Auch die Wesensart des supercoolen Hippie-Teenies Mimi hat er in einen gewaltigen Klangsturm verwandelt, der so jäh über ihn hereinbricht, dass er völlig hilflos und ungewappnet gegen die flippige Pippi Langstrumpf des 21. Jahrhunderts zu fliehen versucht. Für den schlanken, bleichen und schwarz gekleideten Friedrich Rau ist das eine ziemlich anstrengende Rolle, die er da halsbrecherisch wie ein gehetztes Tier, an der Wand auf- und abturnend, geben muss. Ständig auf der Flucht vor der Außenwelt, die ihn mit ihren schrecklichen ( und schönen! ) Tönen gebieterisch in ihren Bann gezogen hat, auf der Flucht vor dem Abi , vor der eigenen Courage und nun auch noch vor dem aufdringlichen Mädchen Mimi, das sich durch nichts abschrecken läßt. Julia Gámez Martin verfügt über eine tolle körperliche Elastizität, eine gut ausgebildete Musicalstimme und eine überaus vielseitige Ausdrucksfähigkeit, die ihren Gefühlskanon wunderbar widerspiegelt (1. Preisträgerin im Musical-und Chanson-Hauptwettbewerb, 2009 in Berlin). Wie ein schriller bunter Vogel bringt sie, hartnäckig Friedrichs trotzige und verzweifelte Verweigerung und all seine “Lebensallergien” missachtend, den düsteren Weltentsager liebevoll zur Strecke und führt ihn zu neuem Selbstvertrauen. Der Preis, den sie für ihre unbekümmerte Zielstrebigkeit erhält, ist einerseits ziemlich bitter, denn als passionierte Diebin von Autos und deren Inventar ist auch sie auf der Flucht, doch die Kassette, die Friedrichs ihr als Klang-Zeichen seiner Zuneigung durch das kleine Gitterfenster reicht, ist eine kleine musikalische Meisterleistung, denn sie trifft nicht nur Mimi mitten ins Herz.

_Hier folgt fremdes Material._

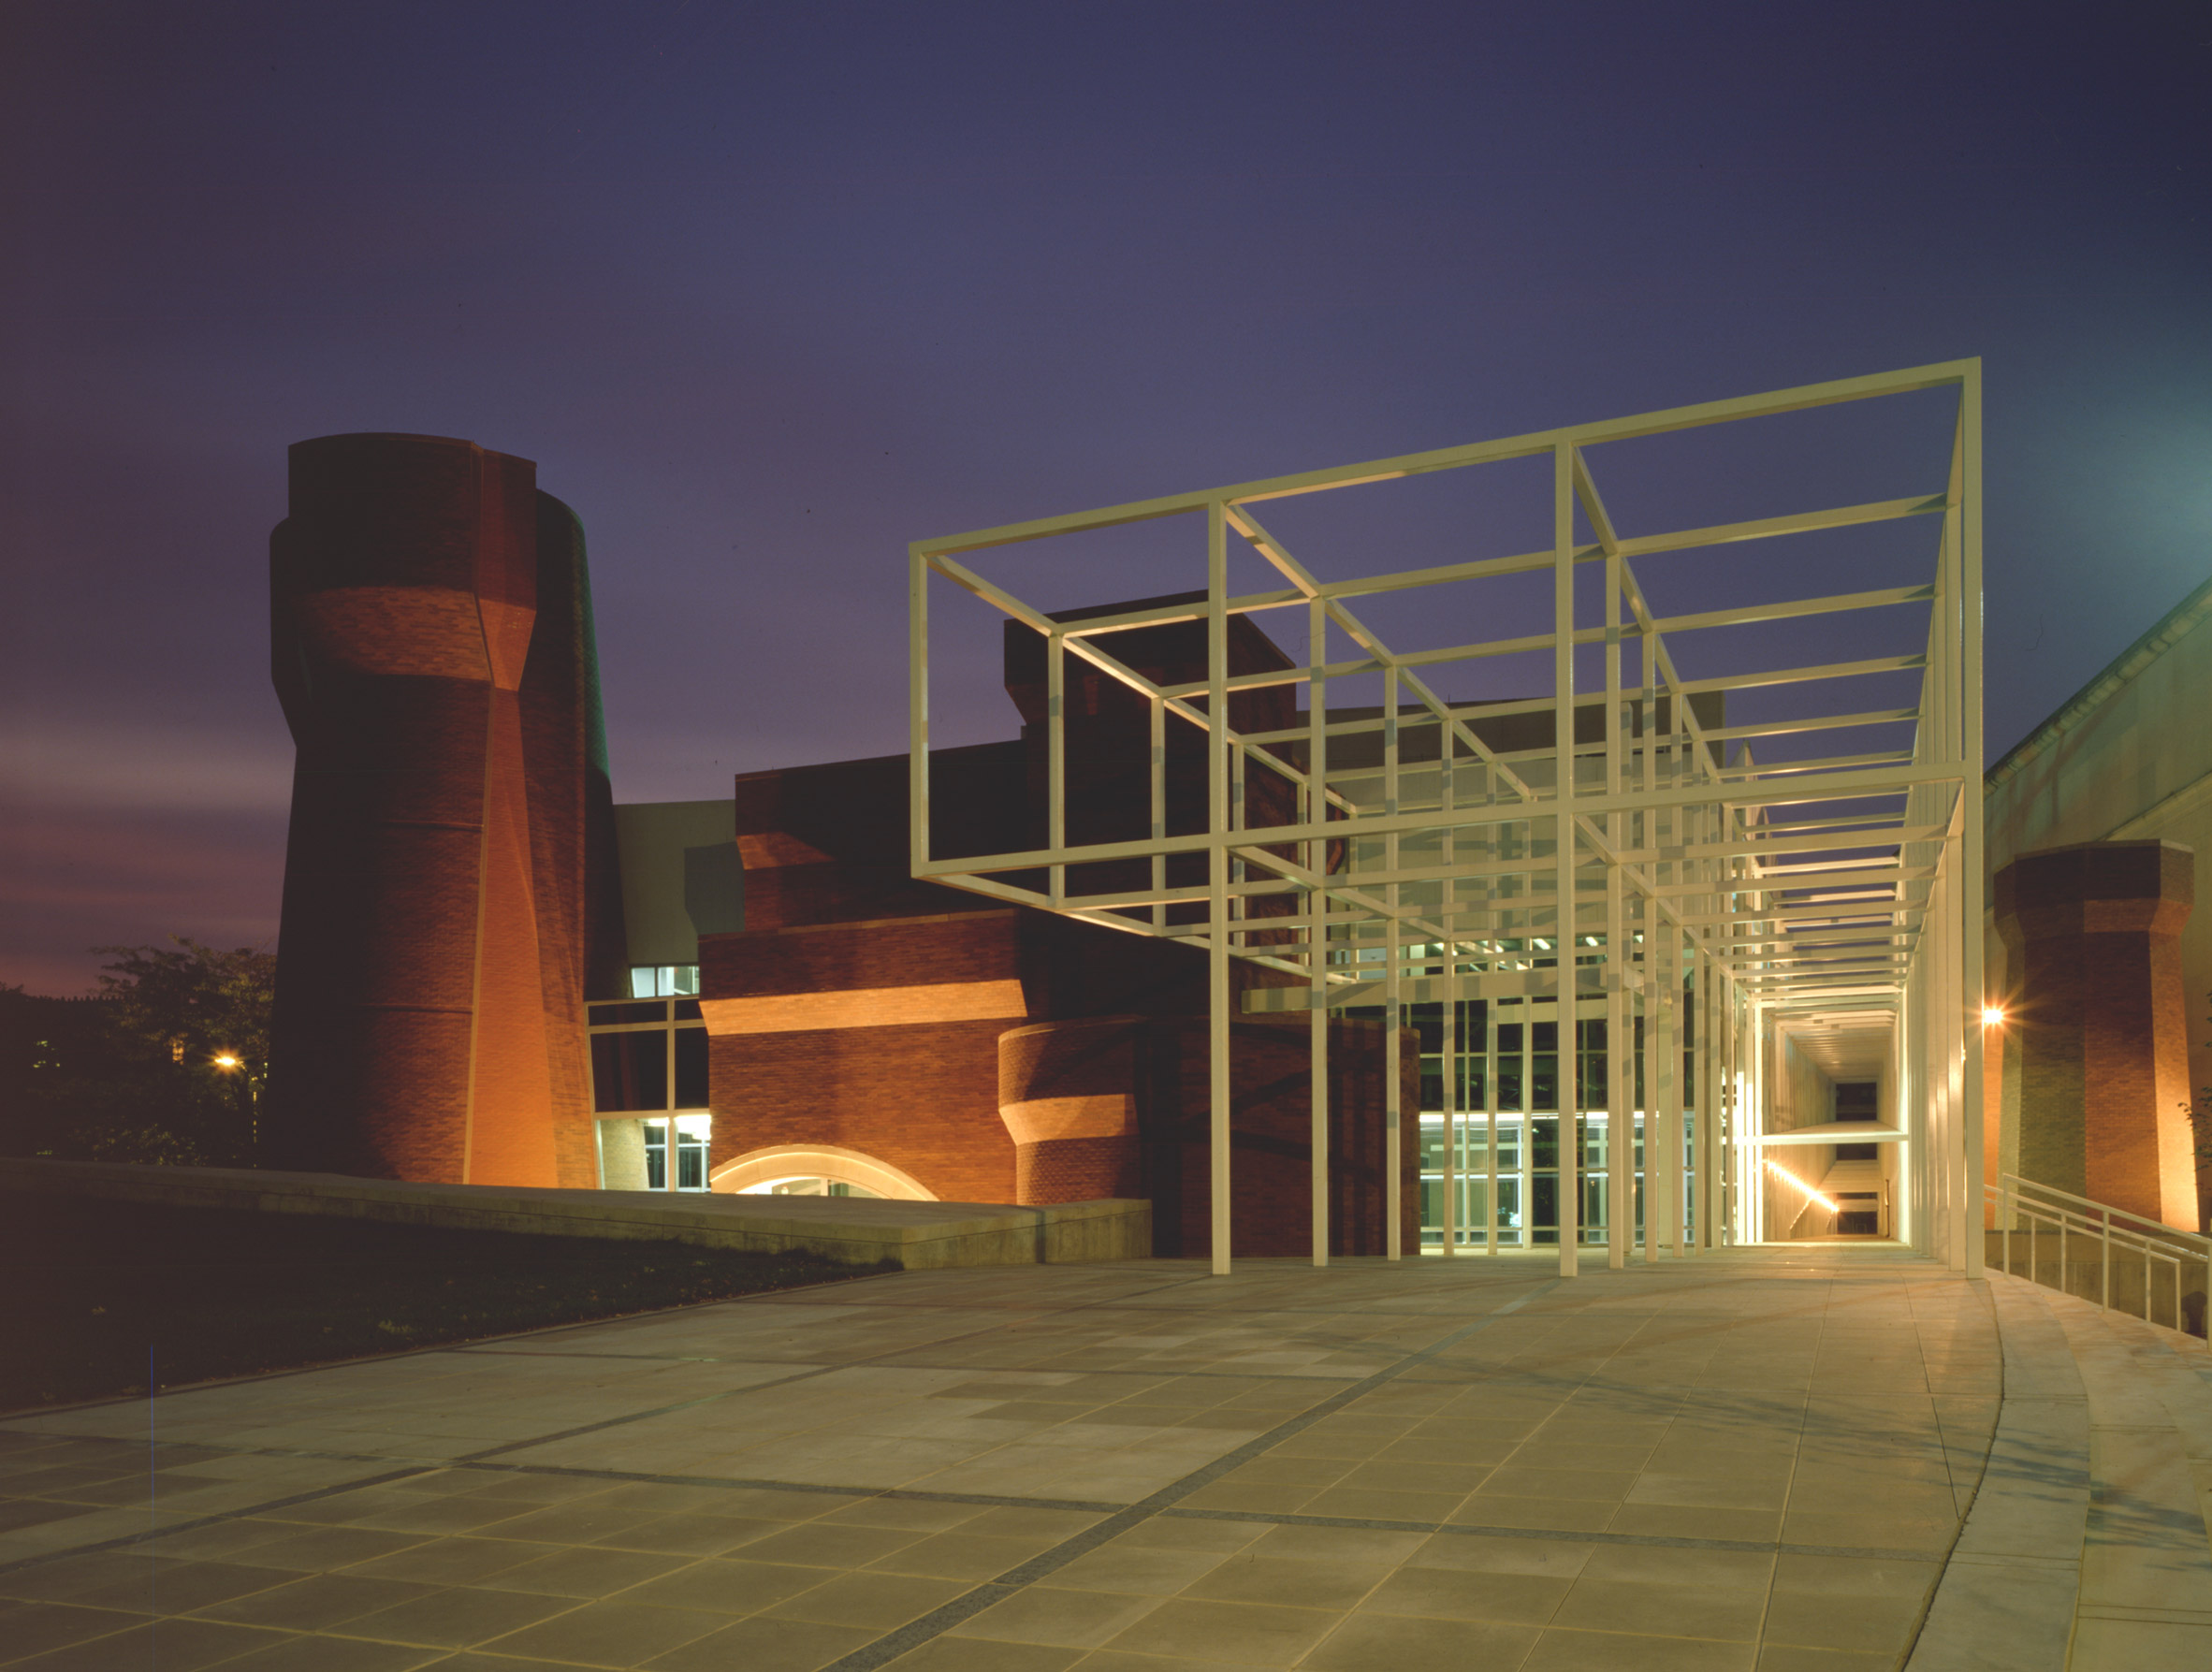 Image of the white steel scaffolding entrance to the Wexner Center for the Arts

Der Klang der Dinge ist eine rundum gelungene Komposition, die mit all ihren Dissonanzen, Misstönen, auflodernden Harmonien und ausgleichenden Frequenzen eine Art “musikalische Telepathie” im Zwiegespräch mit Sichtbarem und Verborgenem vermittelt. Es gliche natürlich einem Weltwunder, wenn wir bereits im Vorfeld hören und spüren könnten, was sich da vor uns auftut. Aber, dass Musik heilend wirkt, beruhigend, aber auch aufregend und elektrisierend und uns auch zu ungeahnten Taten und zu großen Gefühlen führen kann, ist ja unbestritten. Aber auf uns wirken zu lassen, was die scheinbar toten Gegenstände uns mitzuteilen haben, ist schon eine andere Dimension der Wahrnehmung. Das wäre das eine Thema dieses Stückes. Das andere, die Prüfungsangst eines äußerst sensiblen und verunsicherten jungen Mannes, wäre ein anderes. Beide miteinander zu vermischen, erscheint nicht so unbedingt logisch. A.C.
So wie unsere Welt sich musikalisch für den, der Hören kann, offenbart, und für den Sehenden gleichermaßen in wunderbar vielfältigen Farben, korrespondieren auch andere Sinne aufs Vortrefflichste miteinander: Winzer bieten Seminare an, in denen die Teilnehmer den Wein mit allen Sinnen genießen und dieses Erlebnis in Farben festhalten, sowie der Maler seit jeher versucht, Musik in Bildkompositionen umzusetzen. Und was machen wir “Normalen” allezeit? Wir benutzen die Sprache, um all dem von unseren Sinnen Erfaßbaren Ausdruck zu verleihen.